Thirteen(Rayya_ surprised)

33 0 0
                                    


Rasa hambar membuatnya tidak ingin menoleh pada siapapun. Mereka menyebutnya sugesti. Tapi Rayya yakin itu tidak pernah ada. Rayya menutup segala yang berbau tentang rasa.

Scarf maroon yang biasa tergantung bebas dilehernya kini di ikat di kepala menjadi bandana. Ia ingin membuat dirinya sedikit berbeda untuk hari ini... saja. Rayya mengambil sebotol air yang berada di sela-sela rak bubuk teh untuk menyemprot kaktusnya. Minggu ketiga dari semprotan terakhir. Kaktu itu tampak sedikit mengecil. Mungkin di dalam sana sudah tidak ada lagi persediaan air. Rayya membersihkan serpihan kotoran dari dalam pot itu dengan tangannya. Ia terlihat begitu mencintai tanaman kaktus.
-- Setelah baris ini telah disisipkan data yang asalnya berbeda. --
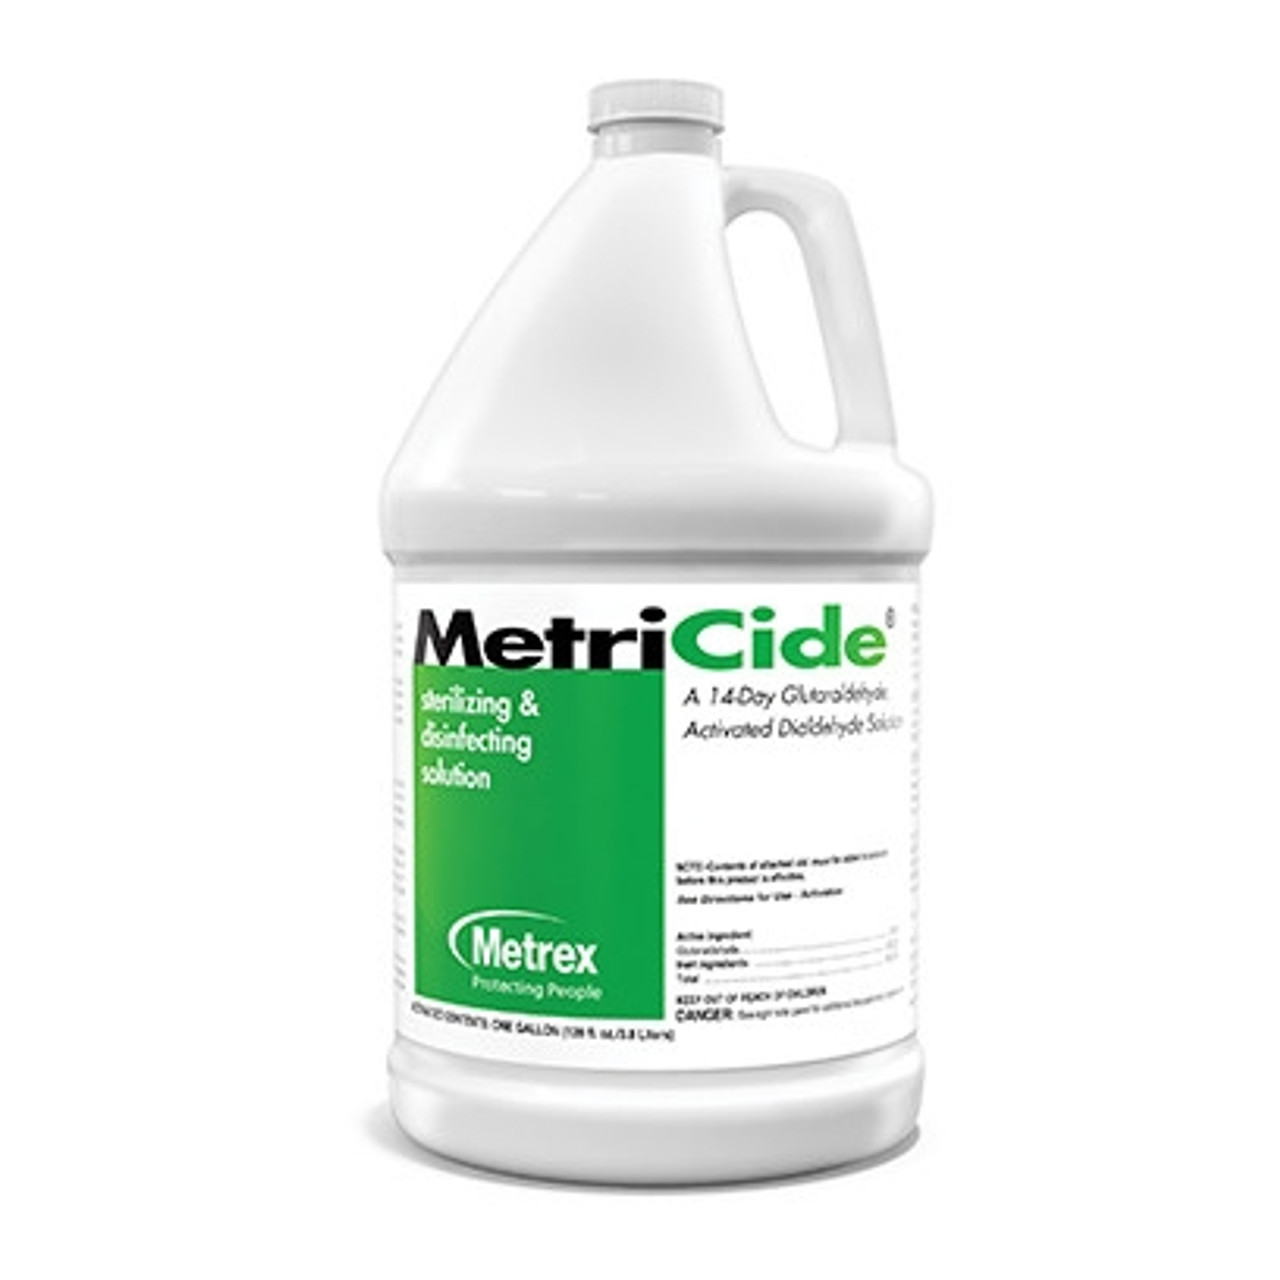 Metrex 11-1401 METRICIDE DISINFECTANT 14 DAY, 2.6% buffered glutaraldehyde, 1 gal, Case of 4, Case

Menganggap ada kehebatan luar biasa dari tanaman itu yang selalu dirawatnya. Tanaman yang mampu bertahan berhari-hari tanpa disiram. Tanaman yang memiliki persediaan untuk dirinya sendiri. Lewat duri, ia tidak dapat disentuh oleh sembarang orang yang bukan ahli. Begitulah cara Rayya mencintai kaktus. Banyak filosofi yang dibangun disana tentang dirinya.

Tangan Rayya menyentuh duri-duri itu untuk dibersihkan. Halus, penuh kehati-hatian. Ketiga kaktus itu menjadi peliharaan dalam hidupnya saat ini.
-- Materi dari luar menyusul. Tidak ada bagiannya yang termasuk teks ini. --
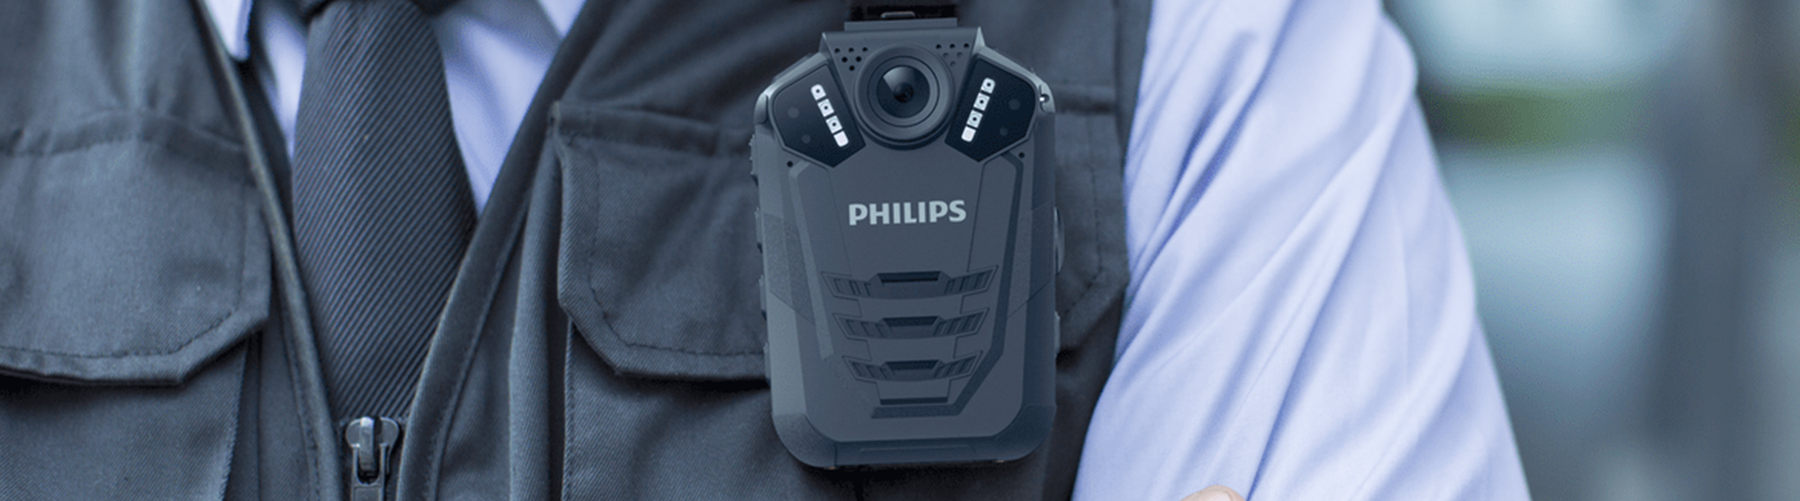 How to use the GPS Tagging Feature with the Philips DVT3120 Body Camera

Suara cangkir diletakkan dari balik badan Rayya menandakan pesanannya sudah berada di atas meja, Rayya merasakannya, tanpa harus menoleh. Kemudian ia mendengar suara kedua yang menyentuh meja. Kali ini ia menoleh. paperbag hitam?

"Kemarin ada yang nitip ini buat kamu, Ray," pinta madun menjelaskan. Raya memicingkan matanya. Kemudian duduk, sembari meletakkan botol kecil di sebelah cangkir.

"Dari siapa?" Rayya memastikan.

"Dari laki-laki yang sering datang kemari," singkat Madun berharap Rayya mengetahuinya.

I see.

Rayya langsung meraih benda itu dan mengeluarkan isinya. Masih ada kotak berwarna merah disana. Lengkap dengan pita kain kecil yang membalut kotak tersebut. Perlahan dilepasnya pita itu, lalu menarik tutup pada kotak. Seketika wajah Rayya berubah drastis. Dari rasa penasaran menjadi... tanpa ekspresi. Namun, rasa khawatir sekilas tergambar disana. Rayya merasakan dadanya sesak. Entah kebetulan atau apa, pikir Rayya. Membuat dirinya ingin pergi dari tempat itu. Matanya menangkap secarik kertas di balik tumpukan isi dalam kotak. Kertas yang di tulis dengan tinta hitam membentuk beberapa baris kalimat. Rayya mencoba membacanya kata demi kata. Sedikit terbata.

Yogyakarta, 09 Juli 2016

Teruntuk Rayya Sutjipto Rahardja,

Maaf. Aku harap kau dapat mengerti lebih dalam kata itu. Karena keterbatasanku untuk merangkai permohonan maaf jauh lebih buruk. Tidak untuk mengusik. Namun, caramu menikmati tempat ini membuat aku paham. Kau harus tau, kita tetap berada pada kotak yang berbeda. Silahkan nikmati harimu di setiap hari Kamis. Pastikan aku tidak ada disana untuk hari yang sama.